Squamous Cell Carcinoma Of The Esophagus
Esophageal squamous cell carcinoma (ESCC) is a type of esophageal carcinoma (EC; see this term) that can affect any part of the esophagus, but is usually located in the upper or middle third.
Epidemiology
ESCC has an estimated annual incidence of 1/29,400.
Clinical description
The average age of onset of ESCC is between the ages of 60 to 70 years and it is more frequently seen in males. It is usually asymptomatic until an advanced disease stage with common presenting symptoms being dysphagia (at first with solids then progressing to fluids) and weight loss. Less commonly odynophagia, hoarseness of voice, coughing, or chest pain can be presenting features. Tumors are typically found in the middle and the upper third of the esophagus.
Etiology
The exact etiology is unknown. Cigarette smoking and alcohol abuse are the principal risk factors. There is also an association with idiopathic achalasia (see this term), a motility disorder of the esophagus.
Diagnostic methods
Endoscopy and a biopsy will establish the diagnosis. For staging, a computed tomography (CT) scan of the neck, chest and abdomen, or CT combined with a positron emission tomography (CT-PET) scan will identify the primary tumor in most cases as well as any spread to the lymph nodes and organs such as the liver, lungs and bone.
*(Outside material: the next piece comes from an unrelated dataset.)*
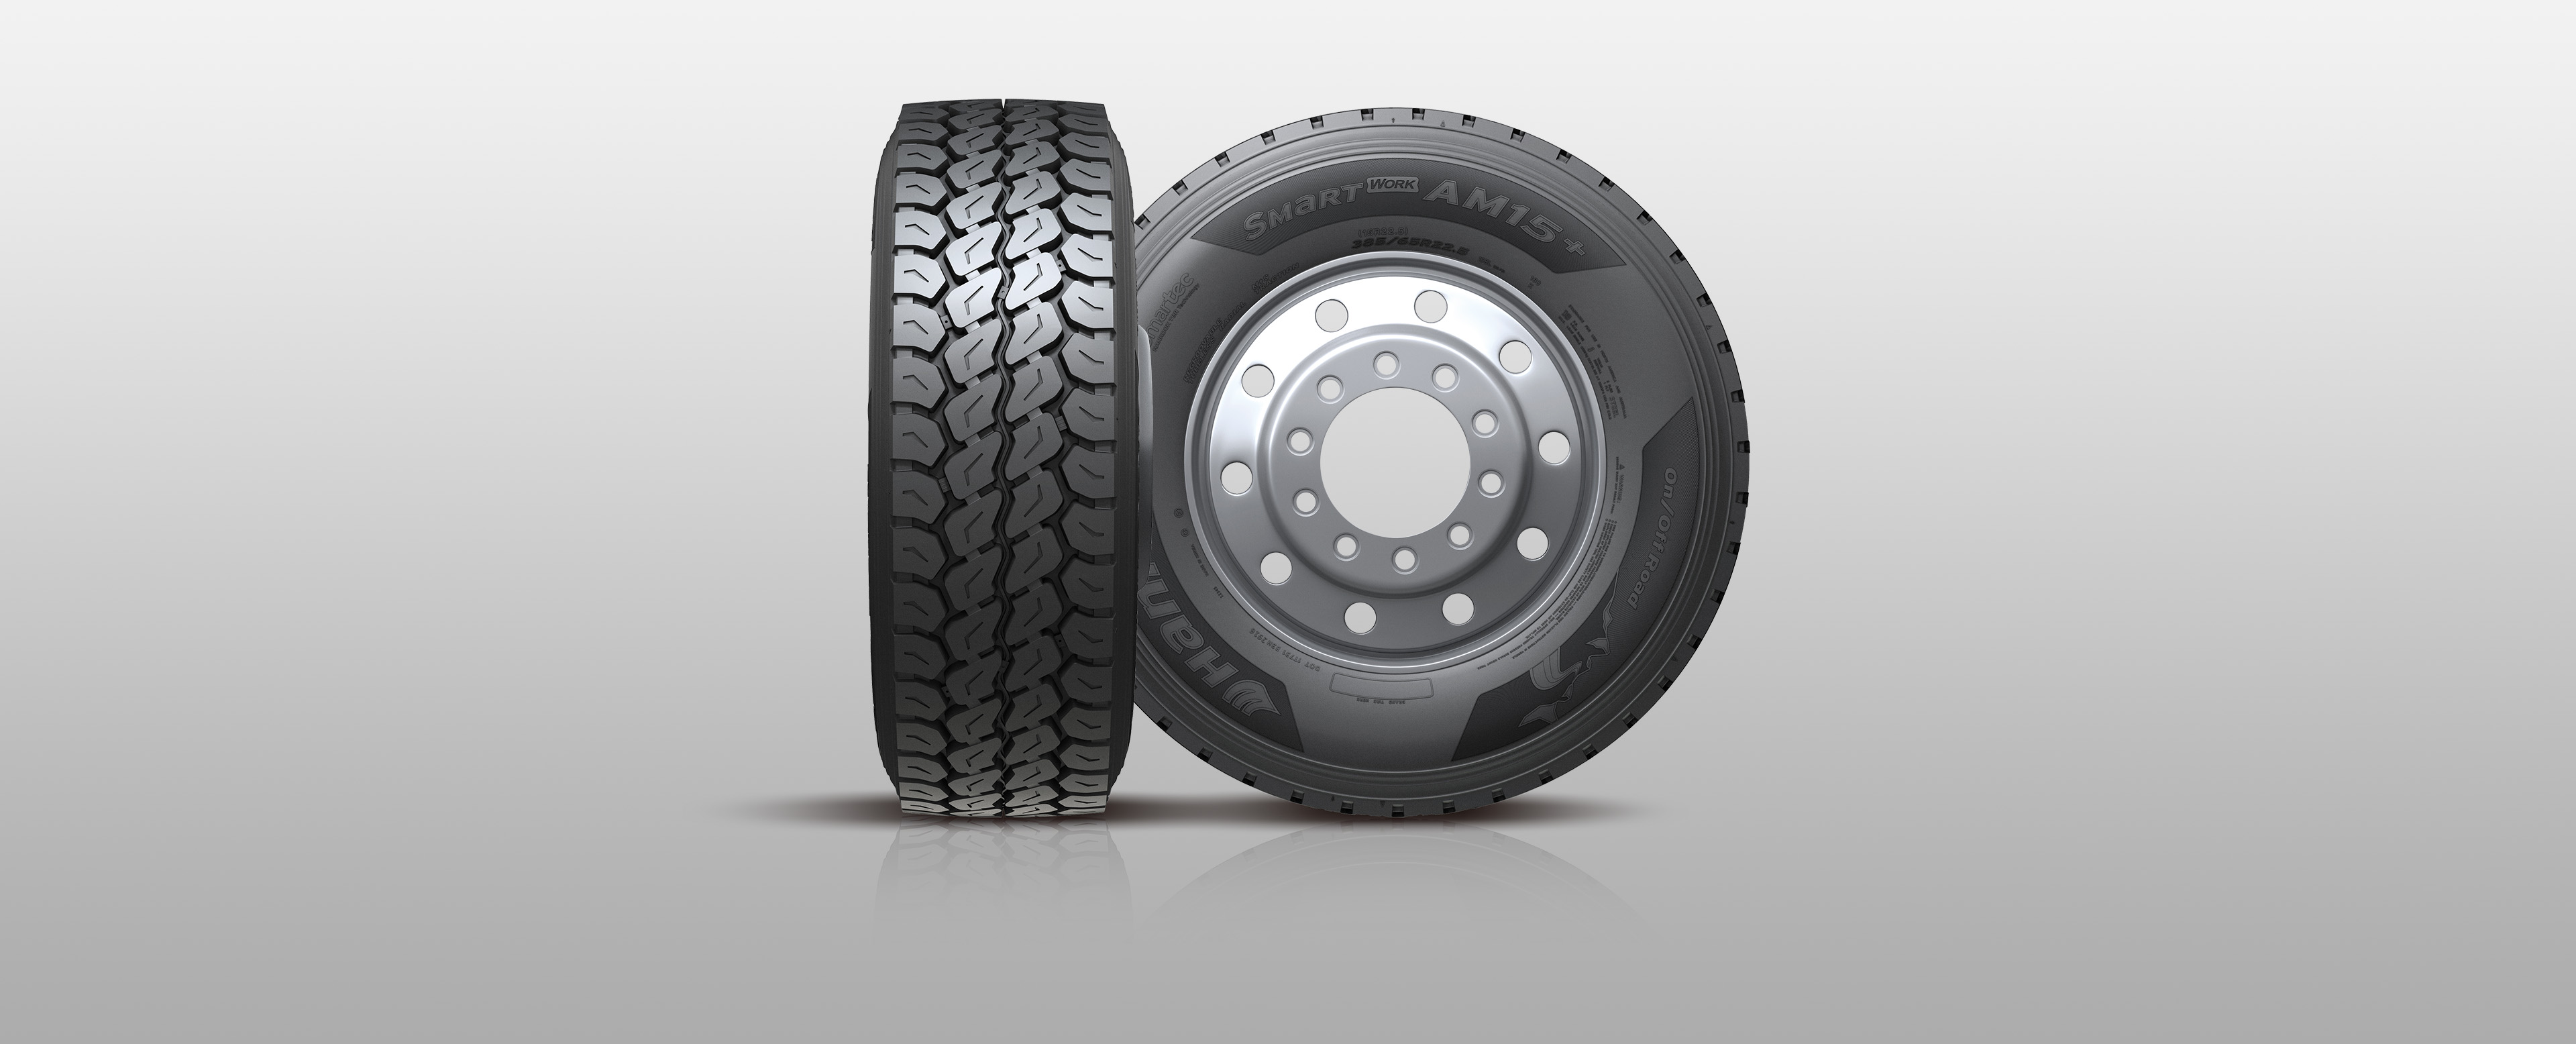 Hankook Tire & Technology -Anvelope-Smart-Smart Work-AM15plus-Anvelopă radială pentru toate pozițiile, pentru utilizare pe șosea și pe teren accidentat

Endoscopic ultrasound (EUS), the combination of an ultrasound probe on an endoscope, is also increasingly used for staging, and is of particular value for early cancers. In upper or mid-esophageal tumors where there is a possibility of invasion of the airway (trachea or bronchi) a bronchoscopy may also be required.
Differential diagnosis
Differential diagnoses include idiopathic achalasia (see this term), benign esophageal stricture, an esophageal web, and occasionally lung cancer.
Management and treatment
Treatment may be with curative intent when the disease is confined to the esophagus and even when local nodes of the primary tumor are involved, and when the patient is fit enough for treatment. Treatment with palliative intent, targeted on symptom control and quality of life, but not cure, is the mainstay of treatment when the disease is advanced or incurable, or the patient is unfit for therapy due to significant co-morbidities. The traditional treatment of ESCC is surgical resection; this is usually via a transthoracic resection, and occasionally by a neck incision. In some cases a transhiatal esophagectomy is performed. The use of minimally invasive approaches to perform these operations is increasing in use. There is also an increasing use of chemotherapy or of the combination of chemotherapy and radiotherapy before and after surgery. A number of clinical trials support this practice, particularly where the tumor is locally advanced, and this is increasingly the standard of care in Europe and North America. The chemotherapeutic drugs most often used in combination are epirubicin, cisplatin and 5-fluorouracil (known as ECF). Capecitabine and oxaliplatin are less toxic agents that can be used in those with cardiac and renal problems. There is also an increasing use of radical, high-dose radiotherapy and chemotherapy for ESCC which avoids a surgery, and the outcomes are equivalent to surgical or multimodality approaches. For palliative approaches, self-expanding metal stents (SEMS) can relieve dysphagia, and chemotherapy, radiation therapy and laser-based approaches are also considered. Palliation may also involve nutritional support via feeding devices such as percutaneous endoscopic gastrostomy (PEG) tubes.
Prognosis
As ESCC is usually diagnosed at an advanced disease stage, the overall prognosis is poor, with an overall 5-year survival of between 10-20%. In patients treated with curative intent the cure rate currently approaches 40%.